Karena Tak Bisa Bunuh Ayah Kandungnya, Siswa SMP di Kupang ini Pilih Bunuh Diri


via: kompas.com

Palingseru.com – Pada Senin, 14 Oktober 2019 kemarin, warga Kelurahan Oebufu, Kecamatan Oebobo, Kota Kupang, Nusa Tenggara Timur (NTT) dihebohkan dengan penemuan jasad YYS (14), siswa SMP dengan posisi tergantung tali nilon berwarna biru.

Jasad YYS pertama kali ditemukan oleh seorang tetangganya bernama Kristofel Key (57), yang saat itu sedang memberi makan kambing-kambing ternaknya yang terikat di depan rumah korban.

“Pada saat itu, saksi (Kristofel) mencium aroma busuk dan melihat banyak lalat di balik kaca rumah.

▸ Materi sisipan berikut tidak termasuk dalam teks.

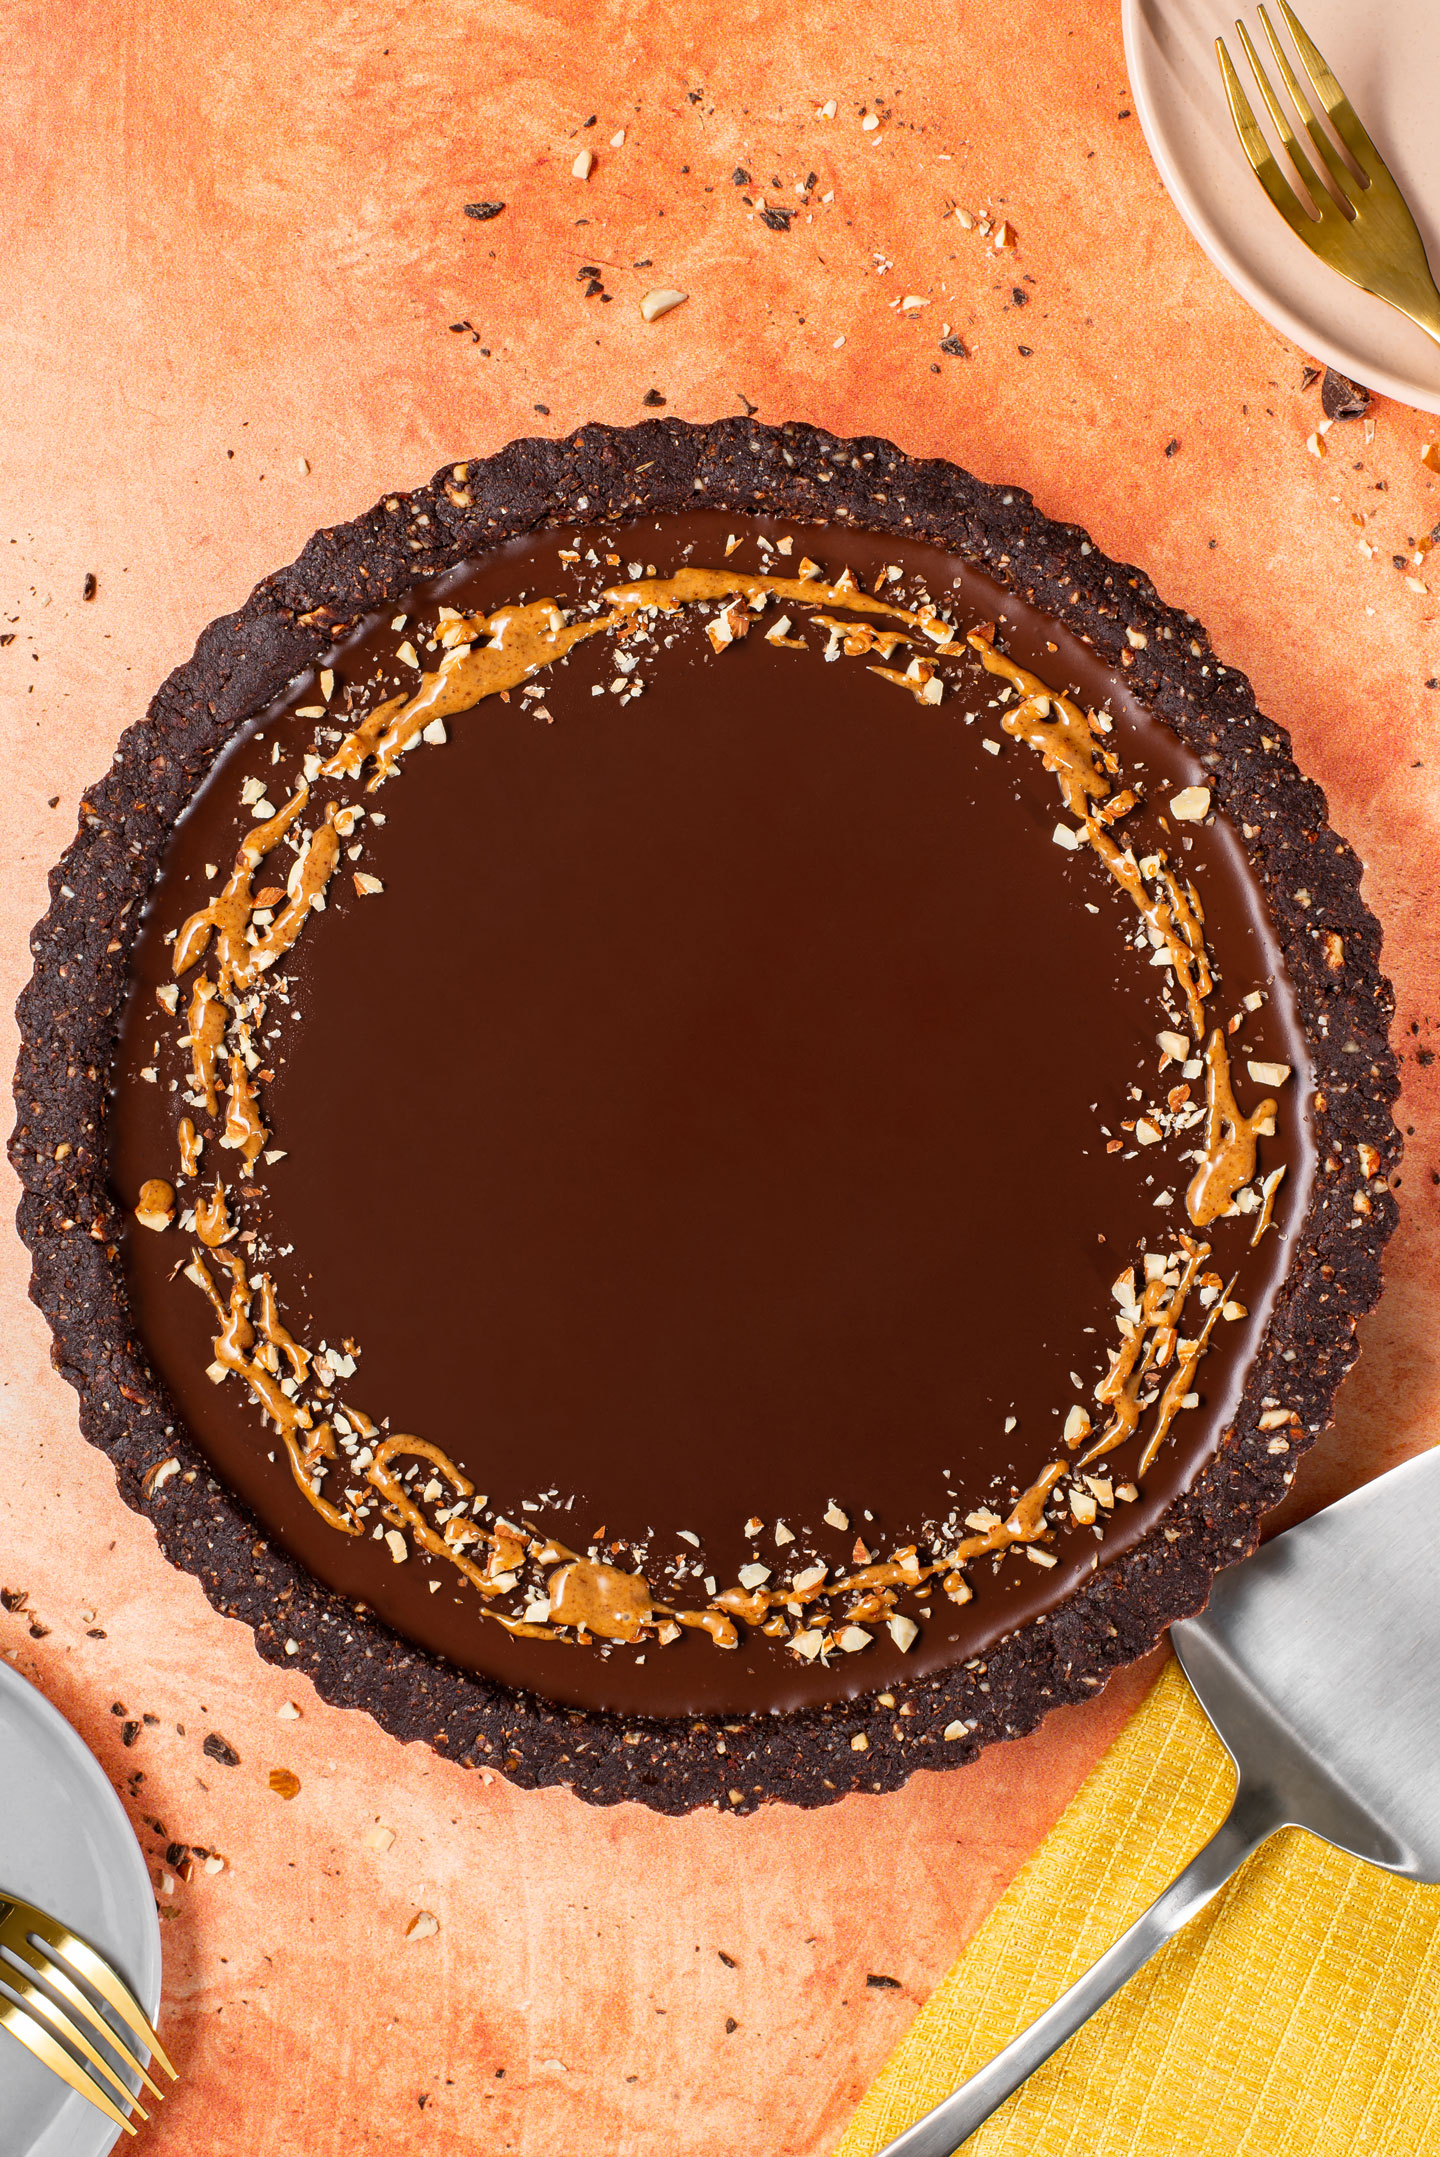 Top down view of a vegan chocolate tart. The dark chocolate tart is delicately decorated with crushed toasted almonds and an almond butter drizzle.

Saksi lalu mengintip dari kaca jendela dan melihat orang dalam posisi tergantung di dalam rumah,” terang Kapolsek Oebobo Kompol Ketut Saba.

Penemuan jasad ini kemudian dilaporkan oleh saksi ke Bhabinkamtibmas Kelurahan Tuak Daun Merah yang tinggal dekat lokasi kejadian.

Sementara itu, di lokasi kejadian, aparat kepolisian menemukan sebuah buku tulis yang terdapat tulisan surat wasiat korban.

Di surat inilah pula, terungkap penyebab YSS nekat mengakhiri hidupnya.

Seperti dilansir Kompas.com, YSS tak mampu mewujudkan dua tujuan hidupnya,  yaitu menyelesaikan pendidikan hingga ke jenjang SMA dan membunuh ayahnya, Antonius Sinaga, yang kini tengah mendekam di Lembaga Permasyarakatan Penfui Kupang akibat kasus pembunuhan.

Ya, pada tahun 2012, ayahnya telah membunuh ibunya. Inilah yang membuat YSS menyimpan dendam dan ingin membunuh ayahnya. Tapi hal itu tak kunjung terlaksana sehingga dia memutuskan untuk mengakhiri hidupnya sendiri.

“Surat tersebut ditinggalkan YSS dengan tujuan agar dapat dibaca oleh Antonius Sinaga,” kata Kapolsek.

“YSS juga meminta agar mayatnya tidak usah dimasukkan ke dalam peti, tetapi langsung saja dimasukkan ke dalam lubang kubur saja,” lanjut Kapolsek.